A standard protocol to handle and discard low-effort, AI-Generated pull requests

Overall reaction to the “protocol”

  • Many find the spec hilarious, cathartic, and appropriate for dealing with “AI slop.”
  • Others think it becomes too snarky and hostile, missing an opportunity for a serious reusable template.
  • Some feel it straw-mans the issue with overly specific examples.

Nature and impact of AI‑generated PRs

  • Maintainers report a rising wave of plausible-looking but useless or incorrect PRs generated by LLMs.
  • These often:
    • Don’t actually fix bugs or add real value.
    • Hallucinate libraries or features.
    • Include bloated essays for trivial changes.
  • Biggest pain: cost asymmetry. A 30-second AI PR can impose 30+ minutes of review effort.

Ethics, effort, and responsibility

  • Strong view: using AI isn’t the problem; outsourcing understanding is.
  • Suggested norm: if you can’t explain what your change does and how it fits the system (without AI), don’t submit it.
  • Several argue for “gatekeeping by effort”: reviewers should prioritize contributors who clearly invested real thinking.
  • Some advocate patience with well-meaning newcomers who don’t realize the harm; others report never seeing visible shame or learning.

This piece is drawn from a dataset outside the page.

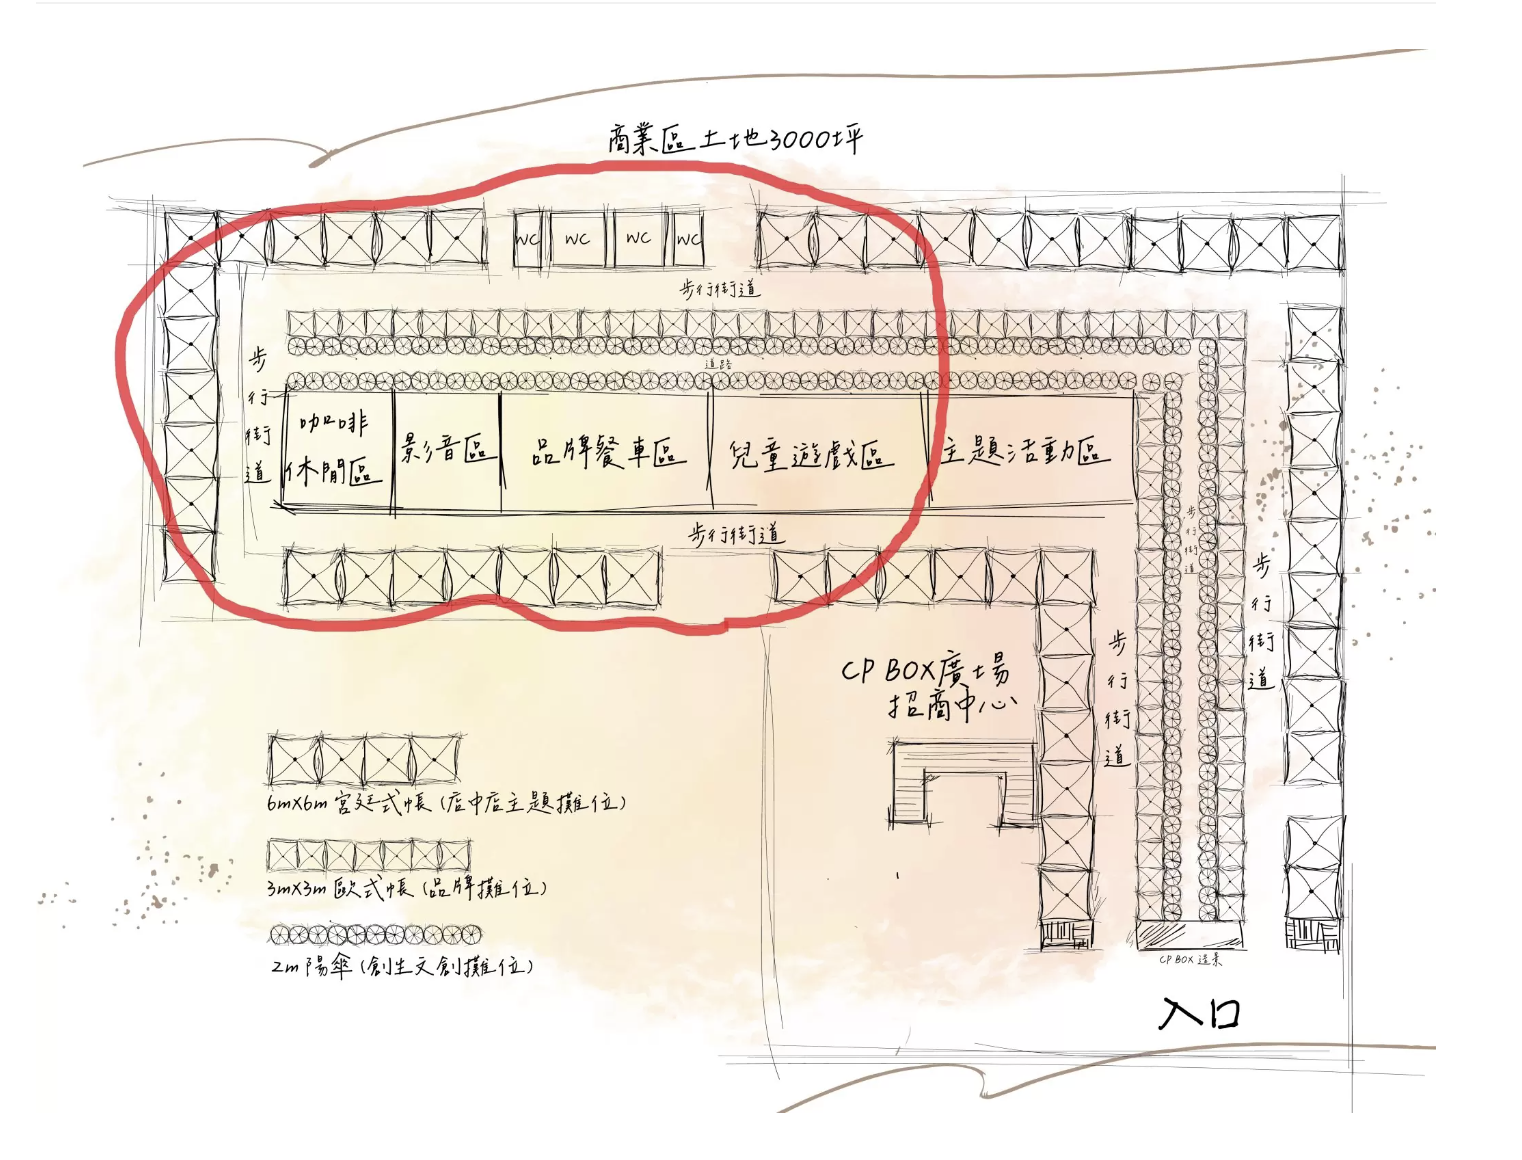 高雄市集「CP BOX 青埔廣場」攤位圖；免費停車場為紅框區域

Proposed mitigation strategies

  • Hardline options:
    • Close with a stock response; block repeat offenders.
    • Disable public PRs entirely or restrict to collaborators.
  • Process/policy options:
    • Explicit AI policies (e.g., “must be able to explain your change”).
    • Treat vague, low-effort PR descriptions as an auto-close signal.
    • Ask AI users to file issues with prompts or high-level plans rather than code diffs.
  • Economic/proof ideas:
    • Proof-of-work or “bonds” (e.g., refundable deposits, fines for AI slop) were floated but seen as hard to design and potentially wasteful.
    • Suggestions for GPG-signed commits and verifiable CI artifacts; others push back on added complexity and energy cost.

Alternatives and experiments

  • Some propose limiting agents to writing tests/specs, with humans doing implementation; critics note AI can also generate bad tests and that trust just moves to a different layer.
  • A few argue that open PRs/issues from the public may be unsustainable in an “infinite slop” world, predicting a shift toward forks, restricted contribution channels, or trust/rate-limiting models.